Game-based degrees have an intrinsic appeal which naturally attracts students with a wide range of abilities and motivations for studying the degree. Many students enrolling on SHU’s games courses do so because they aspire to work in the mainstream video games industry and this provides much of the appeal of the course. However, students often arrive with significant misconceptions about the different roles and skillsets required to work in this industry. It is inevitable that not all of them will excel at the wide range of technical abilities demanded of them on the course and only the cream of each cohort will stand a realistic chance of being employed in the mainstream games industry. The remainder will need to apply the skills they have learned on their course to other industries and it would unethical to ignore the career paths of these students as part of the curriculum decisions made for the course.

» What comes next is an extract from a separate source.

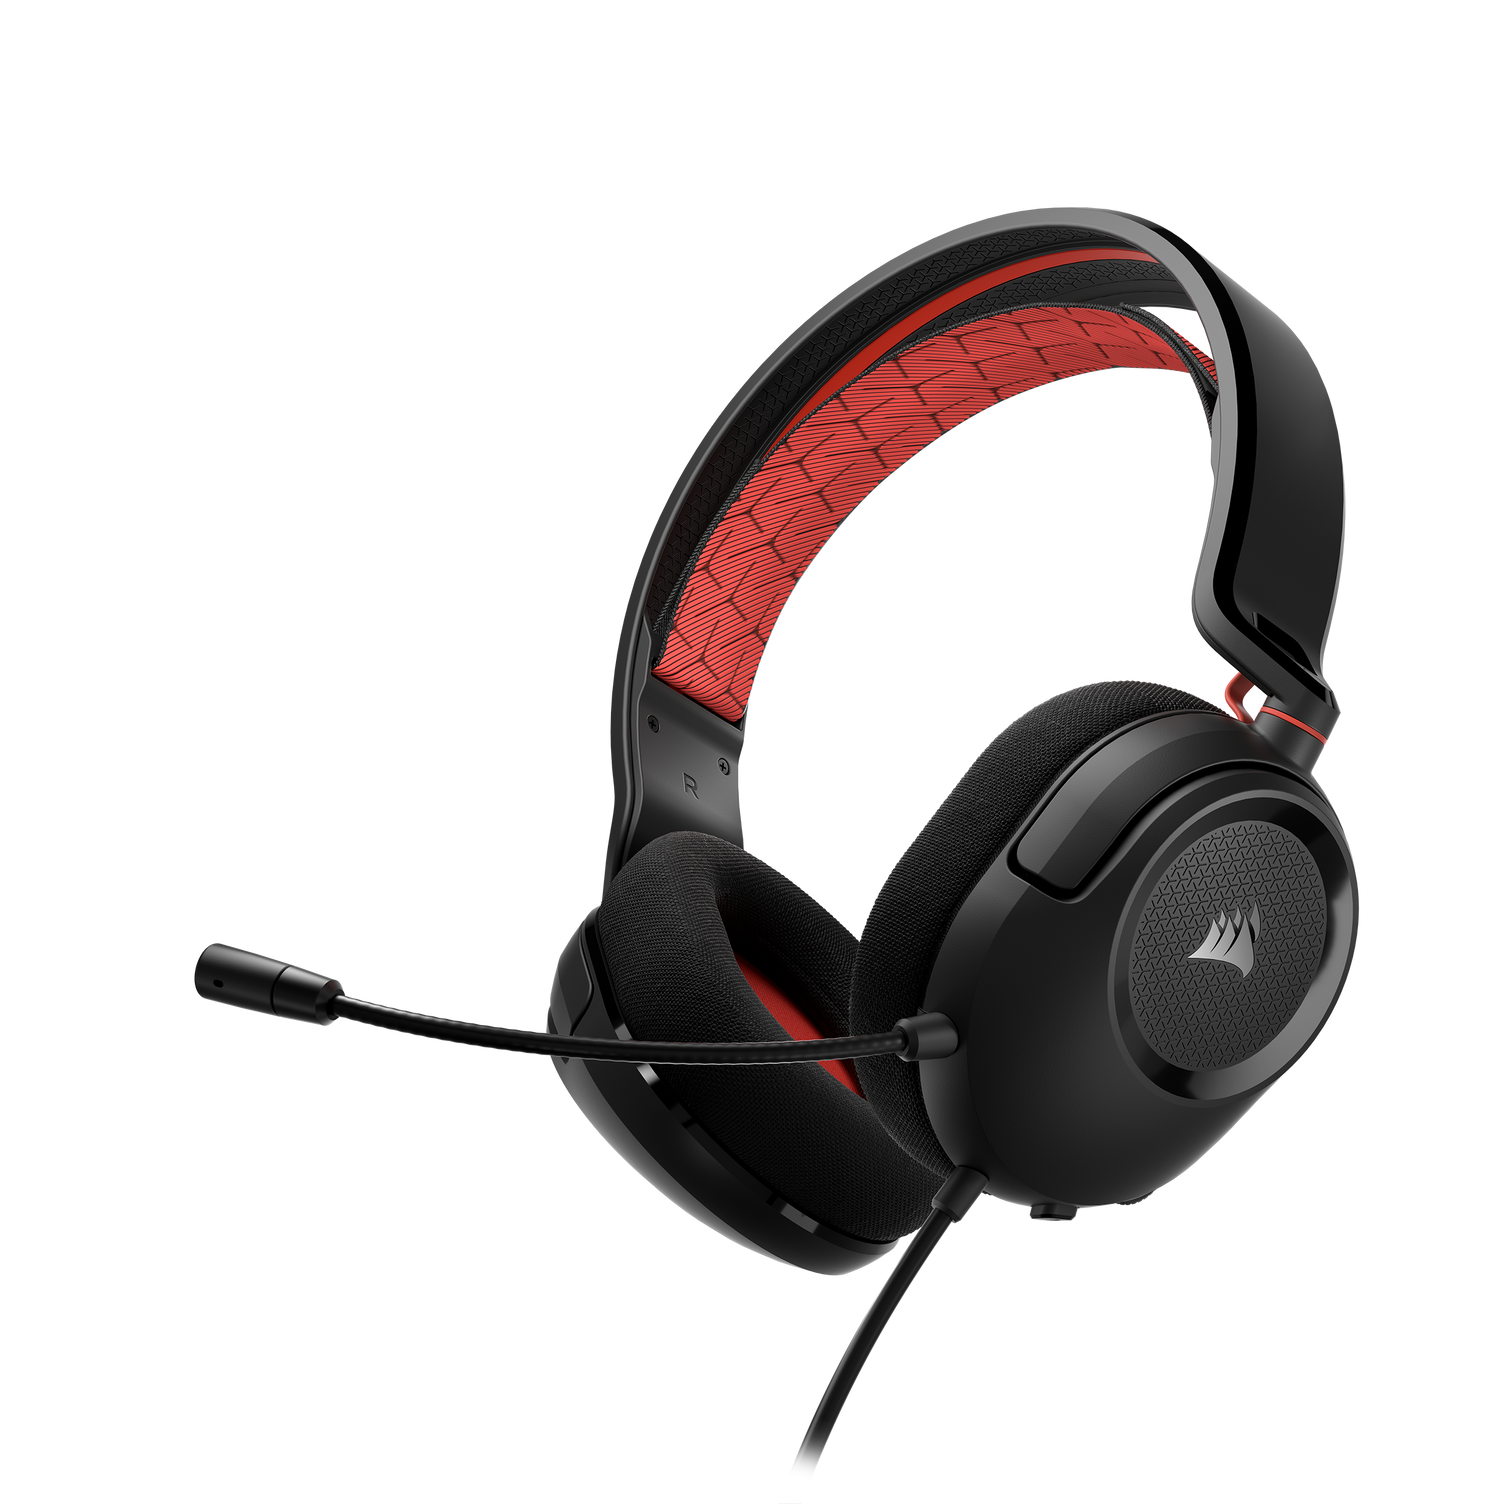 The new CORSAIR HS35 v2 gaming headset series has been revealed
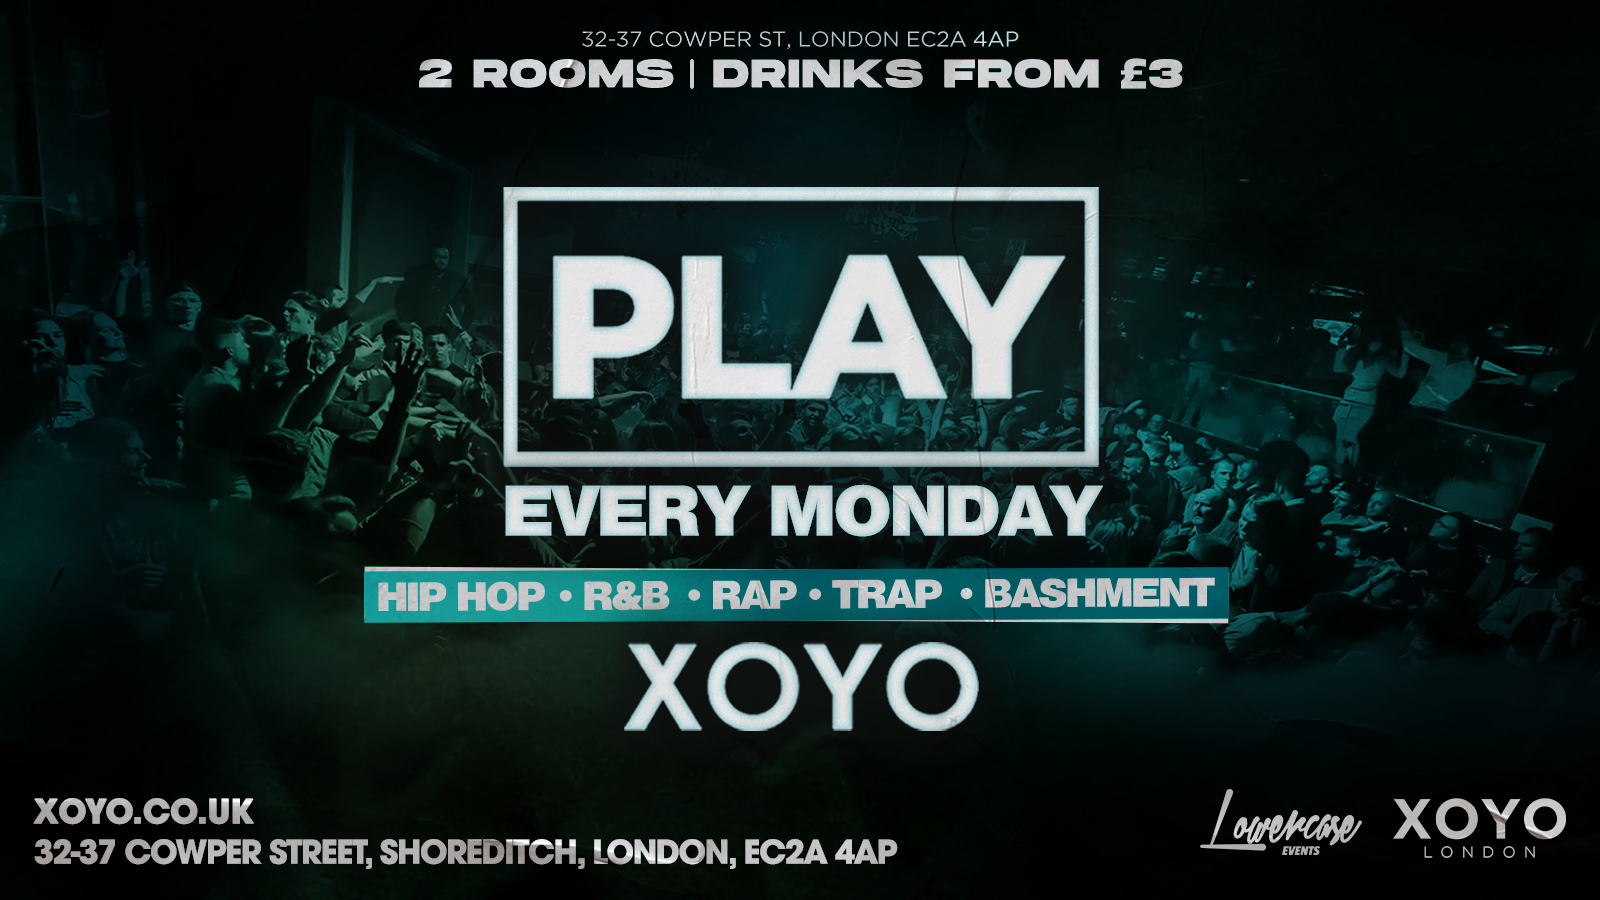 Join us EVERY Monday at XOYO London for PLAY, a night of Hip-hop and R&B!

Based on the Livingstone report, the industry’s solution to this would be to have a very limited number of industry-accredited “centres of excellence”, thus reducing the ‘surplus’ of graduates who are not capable of meeting the technical demands of such courses. However, this perspective seems to ignore the natural process of self-discovery which is a key part of the experience of higher education. Even the most competent students may find their interests evolve or change over the course of their studies. In particular the realisation that working in the games industry requires a higher level of technical competence, demands more unsocial working hours and pays less than other software industries is potentially enough to make even the most talented students reconsider their career aspirations.

This paper will provide a thorough review of the recommendations to higher education provided by the Livingstone report, using the SHU Games Software Development course as a case study. It will describe how we are meeting these recommendations and highlight the fine ethical balance required in making sure that the interests of the whole student body are balanced. It will also examine some of the recommendations to primary and secondary education made by the report. It will consider the ethical implications of a curriculum which puts a greater emphasis on Computer Science education and uses game development as a means of encouraging school students to study STEM subjects. Some practical observations based on previous research experience teaching game development at primary and secondary will be discussed as part of the ethical debate (Habgood et al., 2005).

REFERENCES

FRENCH, M. (2008) Sony’s Macdonald calls for educational Centres of Excellence. Develop Online. Hertford, Intent Media.

HABGOOD, M. P. J., AINSWORTH, S. & BENFORD, S. (2005) The educational content of digital games made by children. 2005 conference on Computer Aided Learning. Bristol, UK.

KILPATRICK, L. (2010) Business Sectors: Video and Computer games. London, Department for Business Innovation and Skills.

LIVINGSTONE, I. & HOPE, A. (2011) Next Gen. Transforming the UK into the world’s leading talent hub for the video games and visual effects industries. Bristol, NESTA.